Mais cinq minutes plus tard, ce sont ses coups de balai à lui que j’ai entendus. Je suis descendu, et il avait un air illuminé. Il venait d’avoir une idée : « Dis-moi, Lucas. Ça existe, des poules avec une crète, ou c’est seulement les coqs qui en ont ? Parce que si jamais une poule peut avoir une crète, ça serait mieux pour le logo. Ça donnerait un côté un peu punk, moderne. Surtout avec les dents, en plus. Mène l’enquête. » Après toute une mâtinée de recherches, j’ai été le saluer avant d’aller manger, pour lui annoncer fièrement que certaines poules ont des crètes, généralement moins grandes que celles du coq et tombant sur le côté, car il leur manque un muscle fibro-élastique. Il a sauté de joie, absolument ravi : « Je le savais que c’était une bonne idée ! Tout ça, c’est un grand renouveau pour l’agence. On va faire une campagne de promotion en or ! » Pour l’épater un peu et lui montrer mes capacités d’enquête, j’ai ajouté qu’on ne sait pas tout à fait à quoi sert la crète chez la poule. En ce qui concerne le coq, elle permet d’attirer les femelles, surtout si elle est grande et bien rouge, mais chez la poule ce n’est pas le cas. Elle serait utile pour réguler la température. Lorsqu’il fait très chaud, le sang se refroidirait en montant dans la crète, et compenserait ainsi l’incapacité de cet animal à suer ou trouver le moindre moyen de se réfrigérer. Le gros Louis a paru fasciné, comme si je venais de lui dévoiler un grand secret de l’humanité. Je suis parti manger.

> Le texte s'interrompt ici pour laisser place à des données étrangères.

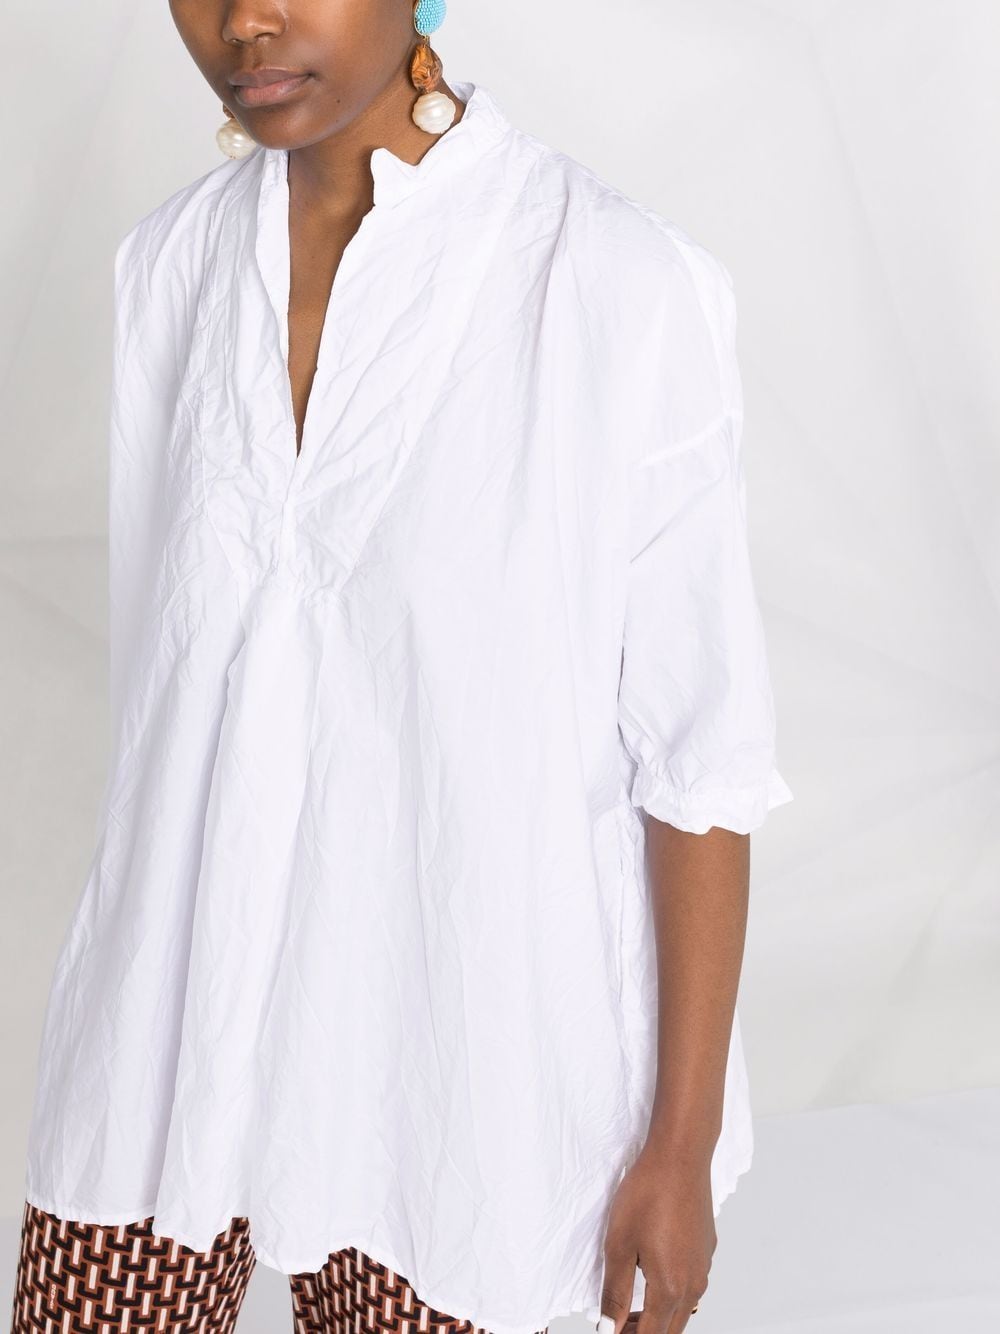 Classic White Cotton Shirt for Women by Daniela Gregis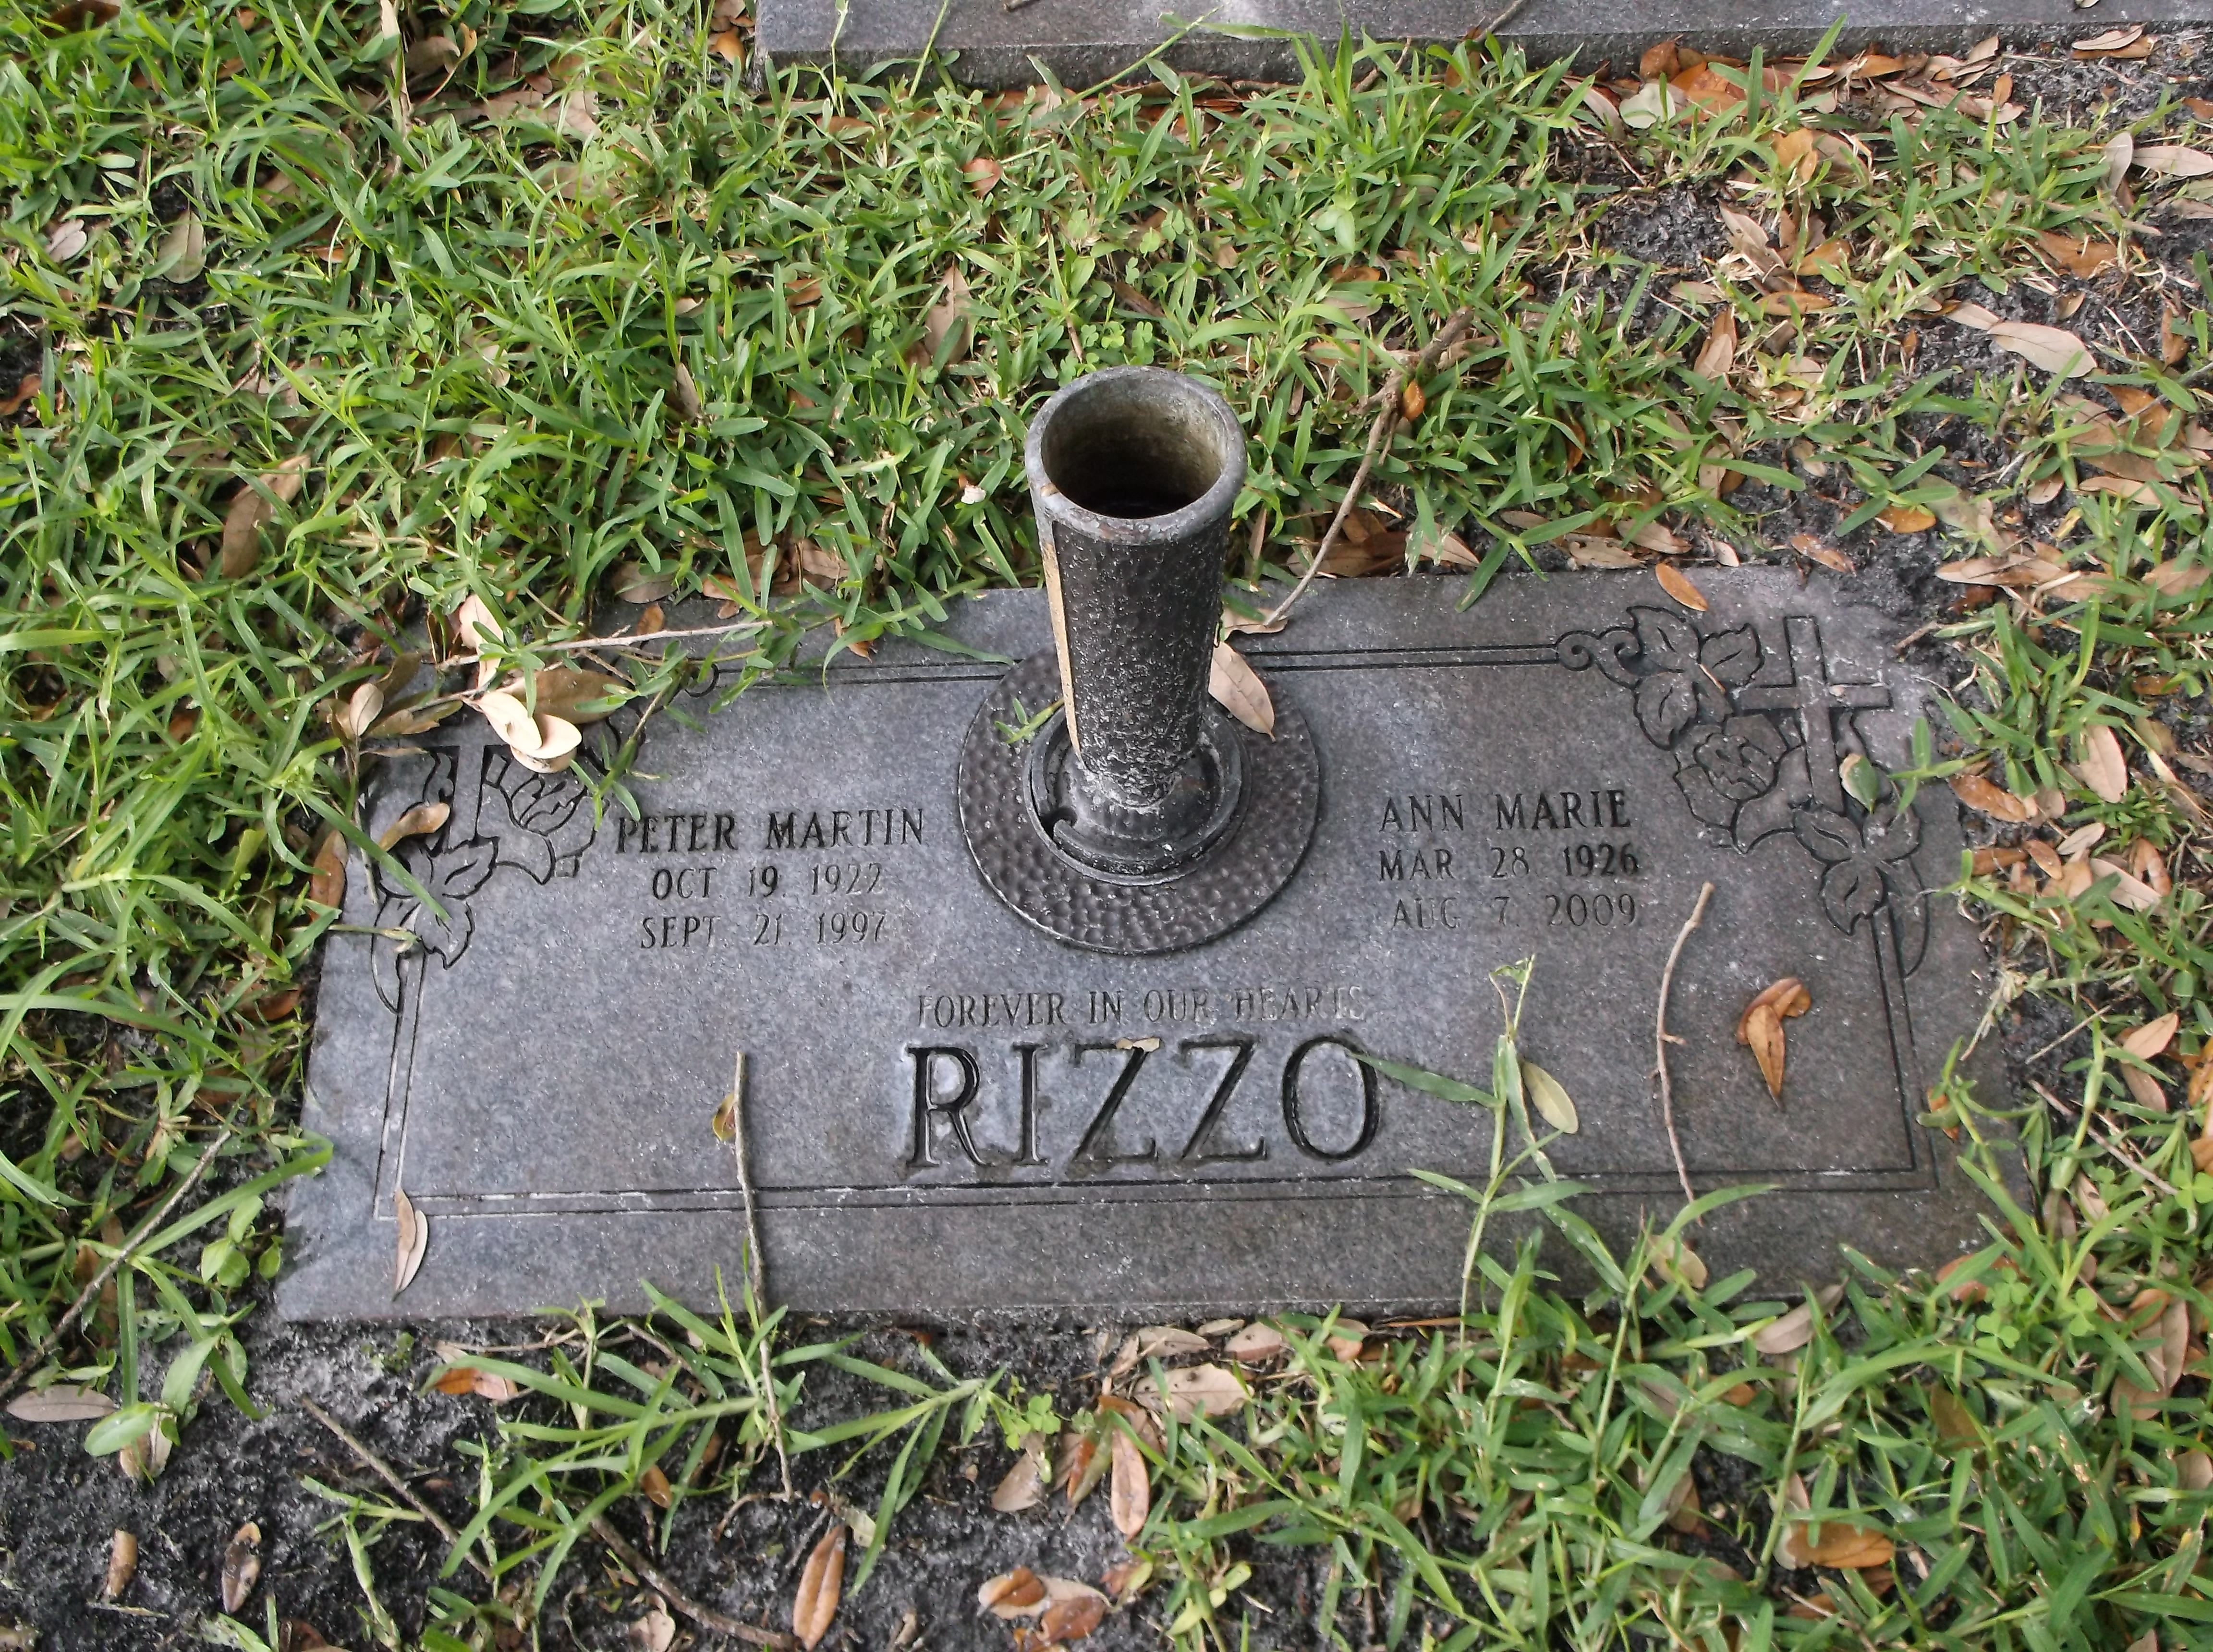 Peter Martin Rizzo

Le contraste entre mon nouveau quotidien et celui d’un détective en bonne et due forme était véritablement colossal. Devant mon sandwich, j’ai compris que rester plus longtemps chez Gallier et confrères n’avait aucun sens. C’était tout simplement une perte de temps. J’ai hésité à présenter immédiatement ma démission, mais en réfléchissant j’ai pris une autre décision. Profitant d’un salaire démesuré par rapport au travail demandé — l’avantage d’avoir un patron vivant complètement dans sa bulle — j’allais pouvoir rapidement économiser la somme d’argent me permettant de me lancer. Et de me lancer comment ? Comme détective Lucas, de l’agence Luca & Lucas, tout simplement… Pourquoi perdre mon temps à passer lentement par toutes les étapes si je pouvais facilement les griller. Avec un peu d’argent de côté, je pouvais lancer ma propre agence depuis chez moi. Et au bout de quelques affaires, je louerais un bureau et terminerais vite par monter l’empire d’enquête privée dont j’avais toujours rêvé. Ça valait la peine de travailler quelques mois pour Gallier et confrères, afin d’économiser l’argent nécessaire à mon grand projet.

A partir de ce moment, j’ai travaillé avec beaucoup plus de zèle. Tout ce que me demandait le gros Louis allait me servir à moi aussi : créer un logo, un site pour l’agence, se faire bien référencer par les moteurs de recherche et lancer des campagnes de pub efficaces… En travaillant pour Gallier et confrère, je mâchais le travail de Luca & Lucas. Ah, au fait, j’oubliais de préciser pourquoi « Luca & Lucas »… Je m’appelle Luca Lucas, tout simplement. C’est un nom complètement idiot, probablement fruit d’une nuit d’ivresse de mes parents. Mais à condition de savoir quoi en faire, il devient intéressant. Agence Luca & Lucas, l’air de rien, ça a un petit côté mystérieux et envoûtant à la fois… Du moins je le crois…

*

Six mois jour pour jour après mon entrée chez Gallier et confrères, ma première mission est parvenue à son terme. Il est précisément 17h et d’un coup de balai magistral contre le plancher, j’envoie mon signal au gros Louis. Immédiatement, je l’entends sortir de chez lui et monter les escaliers en courant. Il arrive tout rouge et essoufflé dans le bureau, et me demande : « Ça y est ? » Je lui offre un immense sourire — il faut dire qu’après tout ce temps passé auprès de lui, il a fini par bien me revenir — et lui annonce avec cérémonie : « Il ne manque plus qu’à appuyer sur le bouton de validation. Immédiatement, la campagne de pub sera lancée et pendant plusieurs semaines nous apparaîtrons dans les premières places sur les recherches de détectives privés à Paris. »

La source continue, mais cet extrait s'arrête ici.